В сорок четвёртом мама умерла. Работала на крупяной фабрике, мешки

с крупой зашивала. Мешок на штабель плохо положили, он упал маме

на спину. Поболела немного и умерла. Как хотела старшую дочь повидать

перед смертью. Всё причитала:

- Три года Женю не видела, одним бы глазком на прощание повидаться.

Надо сказать, не совсем «три».

Уехала Женя из дома в августе сорок первого, поначалу на восток, в

Читу, отправили, а весной сорок второго - на фронт. Путь с востока на

запад один - через Омск. Военное время, не сообщишь родственникам телеграммой:

«Следую через Омск таким-то поездом, во столько-то ждите

на вокзале». Никакого долгосрочного расписания, само собой, не существовало.

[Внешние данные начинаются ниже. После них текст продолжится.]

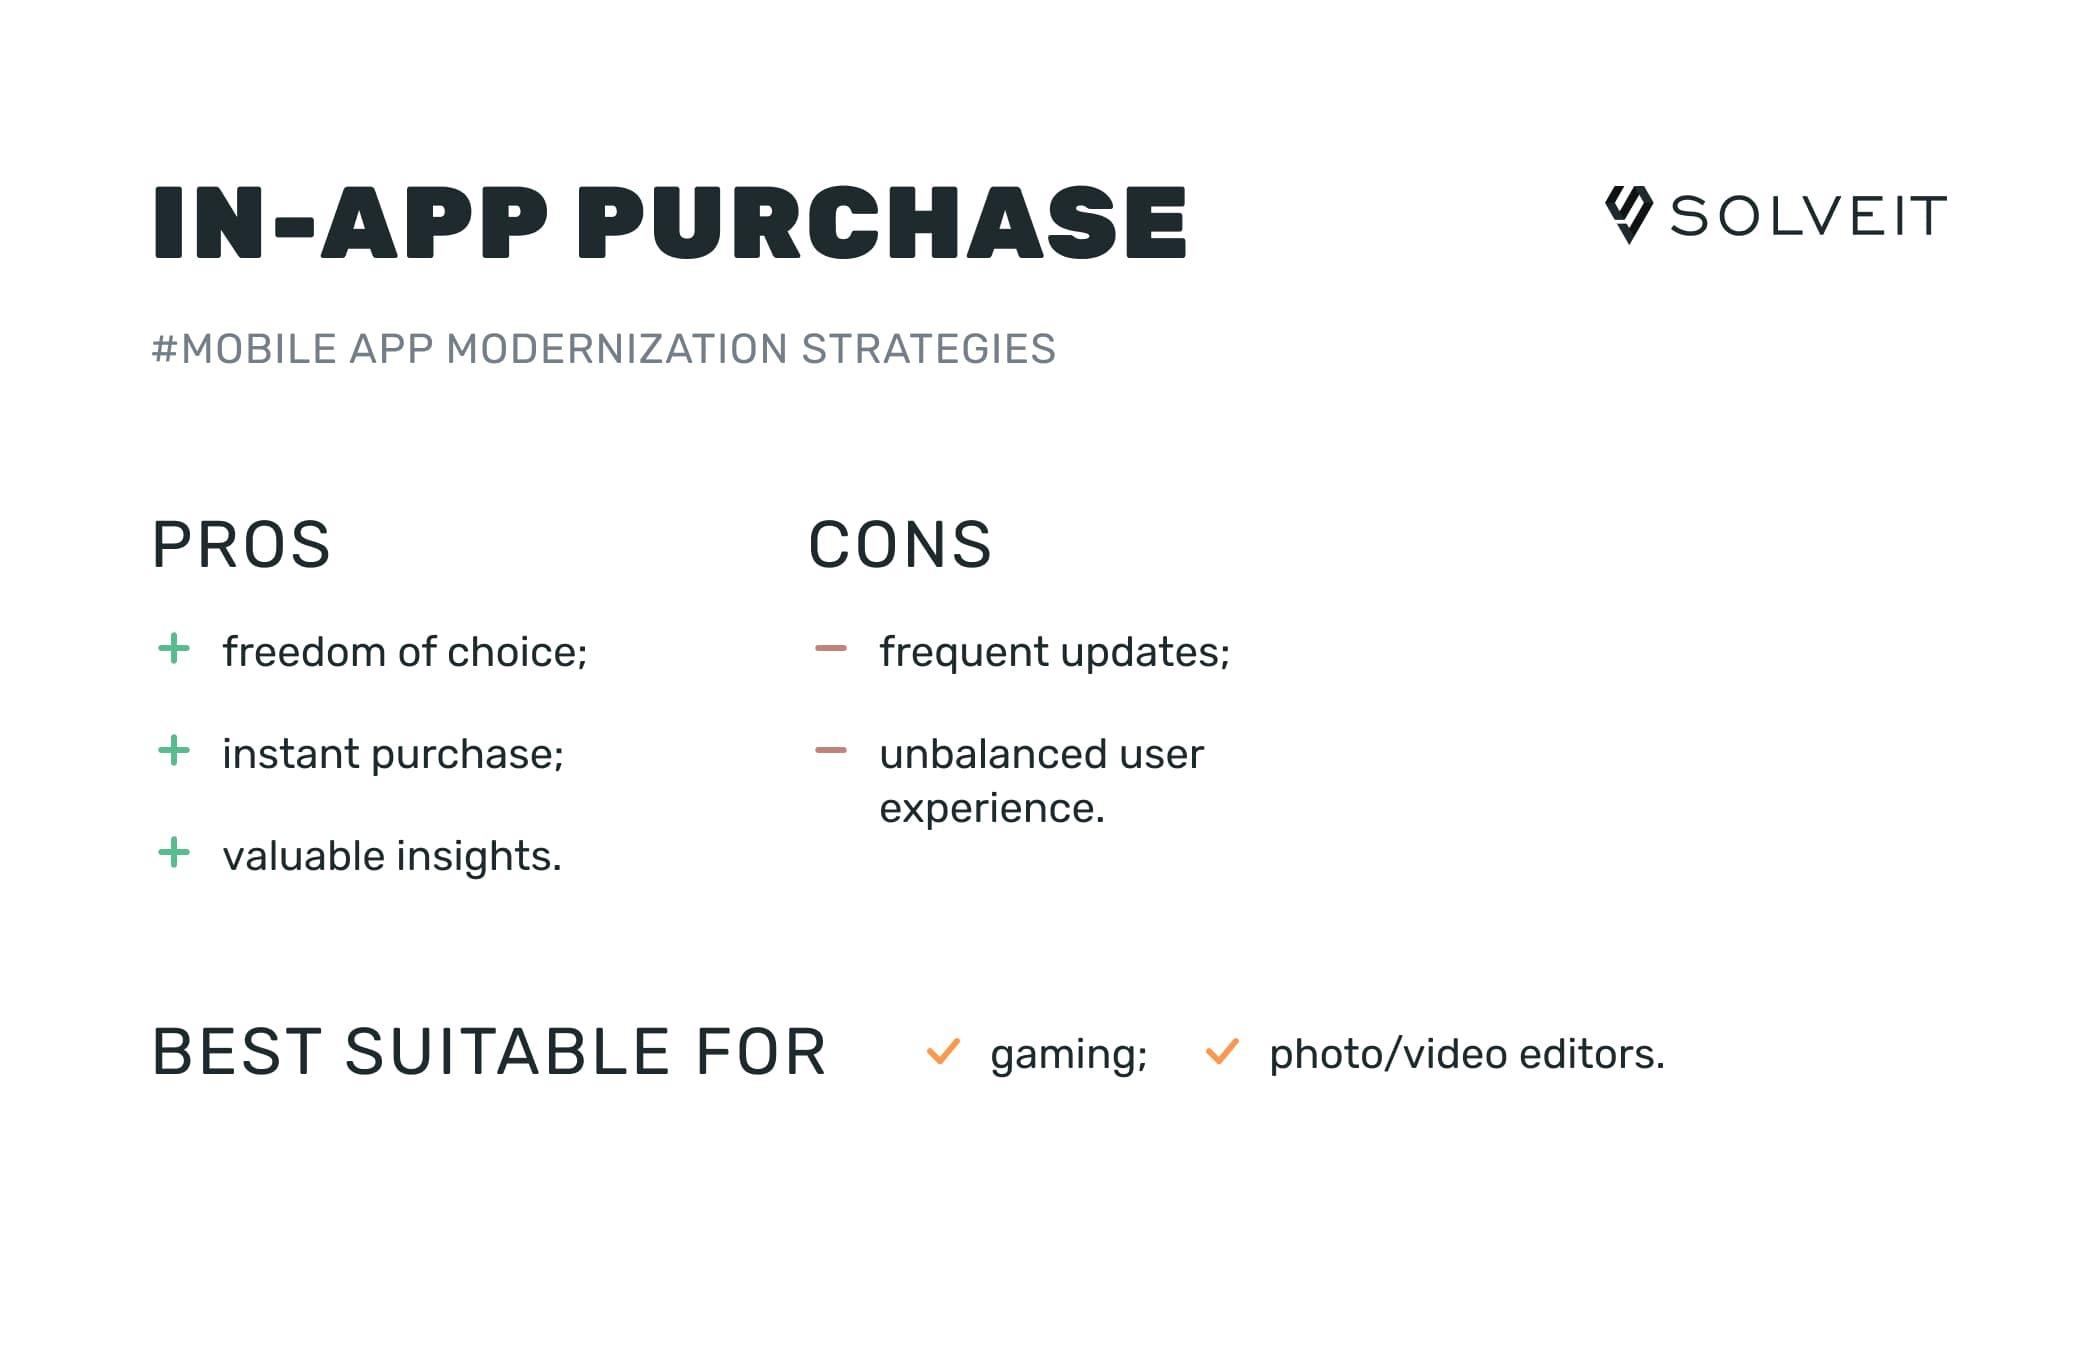 Mobile app monetization model: In-app purchase

Дом их стоял рядом с железной дорогой. Состав миновал мост через

Иртыш, стал набирать ход, Женя стоит у открытых дверей - сердце колотится,

сейчас мимо родного дома в три окна с синими ставенками проедет.

В душе надежда - вот бы увидеть сестёр да маму... Услышал Бог, мама вышла

на крыльцо...

- Я ей давай махать, кричу «мамочка-мамочка!» - рассказывала после

войны сёстрам Женя, - она тоже руку подняла.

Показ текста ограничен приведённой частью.